Trade war likely to drag on, bring fewer benefits than expected

Experts attending a seminar in HCMC today, September 6, agreed that the U.S.-China trade war would continue to drag on, with unpredictable developments, noting that Vietnamese enterprises have enjoyed fewer benefits from it than expected.


At a seminar, themed “Escalating trade war: Vietnamese enterprises’ pleasure and concern,” held by The Saigon Times Group and securities firm Yuanta Vietnam, Dr Pham Sy Thanh, director of the Vietnam Institute for Economic and Policy Research's Chinese Economic Studies Program, noted that trade tensions between the world’s two largest economies will continue to escalate.

Since June last year, both sides have imposed tit-for-tat tariffs on each other’s exports and have not reduced any tariffs. It is becoming increasingly difficult for the two sides to reach a trade deal this year or the next.

Vietnam was expected to replace China in exporting various commodities stateside, thus benefiting from the trade war, but this has not been the case.

For example, the United States imports 40% of its textile and garment products from China but only 15% from Vietnam. In addition, Vietnam’s exports to the United States are mainly from foreign-invested firms.

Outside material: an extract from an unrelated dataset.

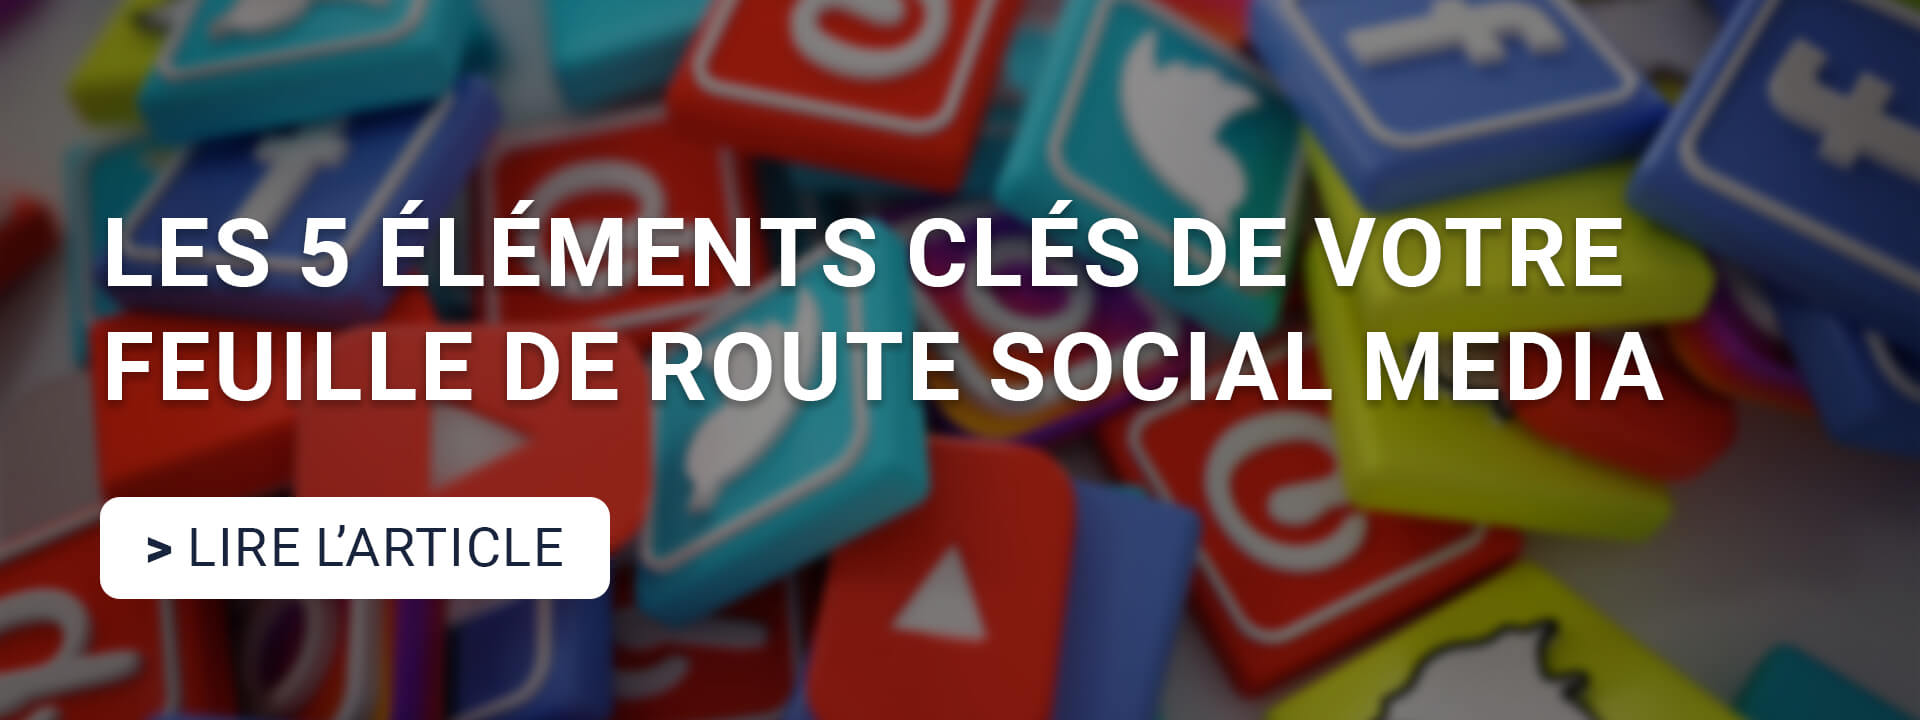 elements-cles-social-media-roadmap

Former Trade Minister Truong Dinh Tuyen shared this view, noting that both the United States and China have showed no signs of concessions.

Besides opportunities for Vietnam to increase exports to the United States and attract more foreign investment away from China, the complicated developments of the trade war has put local firms at risk. Specifically, the devaluation of the Chinese yuan has led to lower costs of Chinese goods, making them more competitive than Vietnamese products in common markets.

Moreover, as China is facing difficulties in shipping products to the United States, it has sought out other markets, including Vietnam, paving the way for substandard technology from China to enter Vietnam.

Vietnamese enterprises may also purchase Chinese products, complete the final stages of production and export the products stateside, putting Vietnamese products at risk of seeing higher tariffs imposed by the United States.

Regarding the financial market, Matthew Smith, head of research at Yuanta Securities Vietnam, remarked that the Vietnamese financial market has been witnessing the effects of the trade war since last month. Foreign investors have net sold their shares.

In the context of the long-lasting trade war, enterprises were advised to focus on adopting risk prevention measures to minimize losses.

Tuyen stated that the global market has experienced many uncertainties over the past few years. The Sino-U.S. trade dispute has outweighed the risks and uncertainties in the market. Many issues, such as Brexit and the Japan-South Korean tensions, have yet to be addressed.

Local firms should seek more business opportunities in markets that have signed free trade agreements with Vietnam, including Europe and Japan, as these markets will create favorable conditions for Vietnamese firms, as committed to in the agreements, Tuyen said.

The former minister noted that Vietnam has signed the European Union-Vietnam Free Trade Agreement (EVFTA), so local firms should tap the European market, which is home to 500 million people, to avoid depending on a single market.

“Diversifying the import markets will help reduce the trade surplus with the United States and ease the risk of a tariff imposition from the country,” Tuyen stressed.

Staying uninformed has long been the Achilles’ heel of companies, according to Thanh of the research institute. Searching for and analyzing information is expensive.

Thus, firms should connect with enterprise associations to access accurate trade-related information and propose policies to the Government.

As for free trade agreements signed between Vietnam and other countries, local companies should pay close attention to protectionist measures, which are on the rise.

Meanwhile, the expert from Yuanta Vietnam claimed that the U.S.-China trade war involves both the economy and politics, so there are no solutions for addressing the conflict quickly or simply. He advised investors to take issues related to the trade dispute into account before deciding to make an investment.

Further, the Yuanta representative predicted that the VN-Index may reach 1,100 points this year. He made the forecast based on the rising trade volume on the local stock market, which has attracted both local and foreign investors.

Investors are expected to return to the local stock market in the last quarter of the year and stay on the buying side, instead of the selling side as they did in August.

Many funds are storing cash, and it will have to be used for investment, to keep their investment portfolios balanced. Moreover, the Fed’s policies are now more relaxed and advantageous to a thriving economy like Vietnam, explained Smith.